How could we conceive a "Transylvanian" reading within this somewhat relativist concept? Perhaps by seeing these readings as "using" the same text in different contexts, or rather contrasting the same text to different types of texts. A Transylvanian reading would be to link the text itself to a specific (literary) tradition: to see whether it can be situated in a dialogical pattern with texts of Áron Tamási, Károly Kós and other authors. It could be also a referential reading in the sense that the assertions of the text would be linked to different realities "outside the text", but it would be more consistent to say that these assertions would communicate with the assertions of other texts situated within this tradition.
In this sense and here I come to the point whether the narrative built on such a concept would be the narrative of "Translyvanian Hungarian literature" or of "Hungarian literature from Romania" the preferable option would be the first term: not because there is something essential in "the soul of this region" but rather because of the nature of literary tradition.[7] The dialogue between texts does not take into account geographical and historical borders: a contemporary poem could initiate a dialogue with a text from the 14th century as well as with one from 1968, for example. In this sense, a "Transylvanian" characteristic could be also the fact that Hungarian literature in this region prefers the dialogue with the texts of Dostoevsky or Turgheniev more than Hungarian literature from Budapest. "Transylvanian" means here therefore this free possibility of dialogue with (the ever restructurated) tradition. And also diversity: the fact that there are alternative stories and histories about this tradition.

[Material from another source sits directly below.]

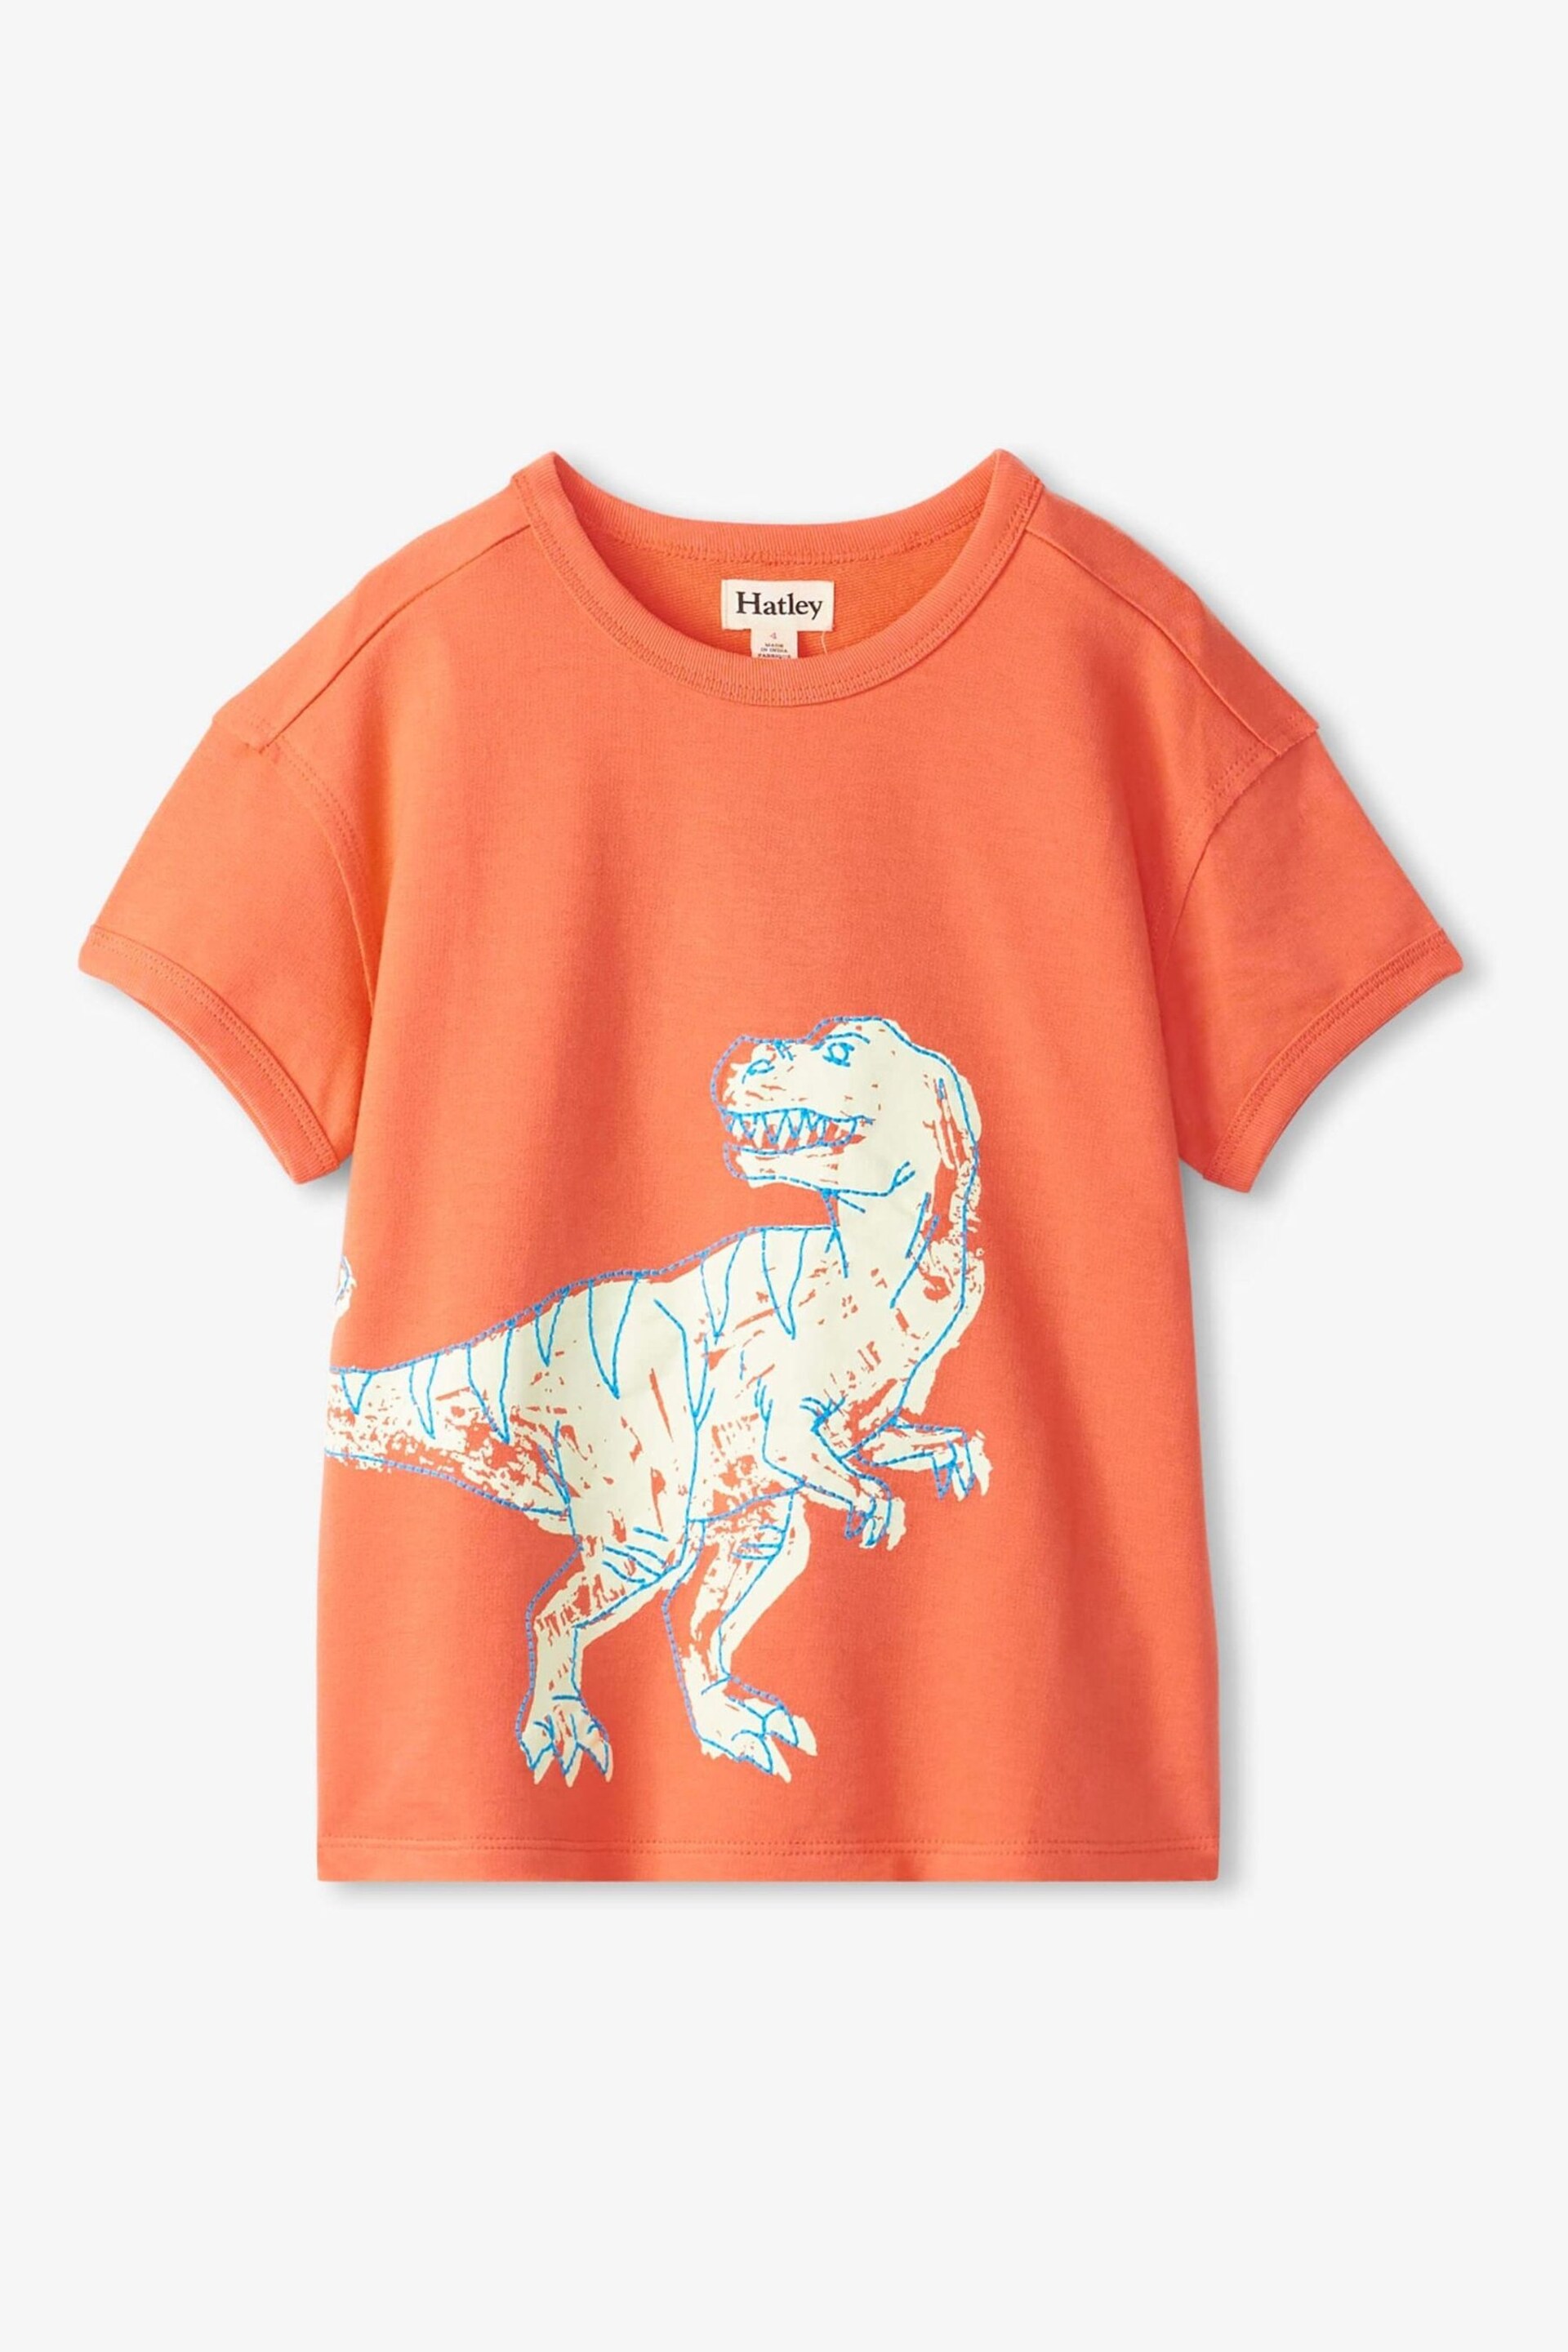 Hatley Orange Dinosaur Glow T-Shirt - Image 1 of 6

[1] Cambridge, Cambridge University Press, 1989.
[2] Ferenc Szemlér, Jelszó és mítosz (Slogan and Myth). In: Béla Pomogáts, Jelszó és mítosz, Tg. Mureş, Mentor, 2003. p. 154.
[3] György Szántó, Öt fekete holló (Five Black Ravens), Bucharest, Kriterion, 1982. p. 475.
[4] Roberto Maria Dainotto, "All the Regions Do Smilingly Revolt": The Literature of Place and Region. Critical Inquiry, Spring 1996. p. 488.
[5] Ion Chinezu, Aspects of Transylvanian Hungarian Literature (19191929), Cluj-Napoca, Centrul de Studii TransilvaneFundaţia Culturală Română, 1997. pp. 4546.
[6] Endre Bojtár, Lehetséges-e regionális irodalomtörténet? (Is Regional Literary History Possible?), In András Veres (ed.), Az irodalomtörténet esélye (The Chances of Literary History), Budapest, Gondolat, 2004.
[7] The term "Hungarian literature from Romania" is much more strict from the historical and geographical perspective, but it misses perhaps the relatively self-sufficient character of literature and art in general.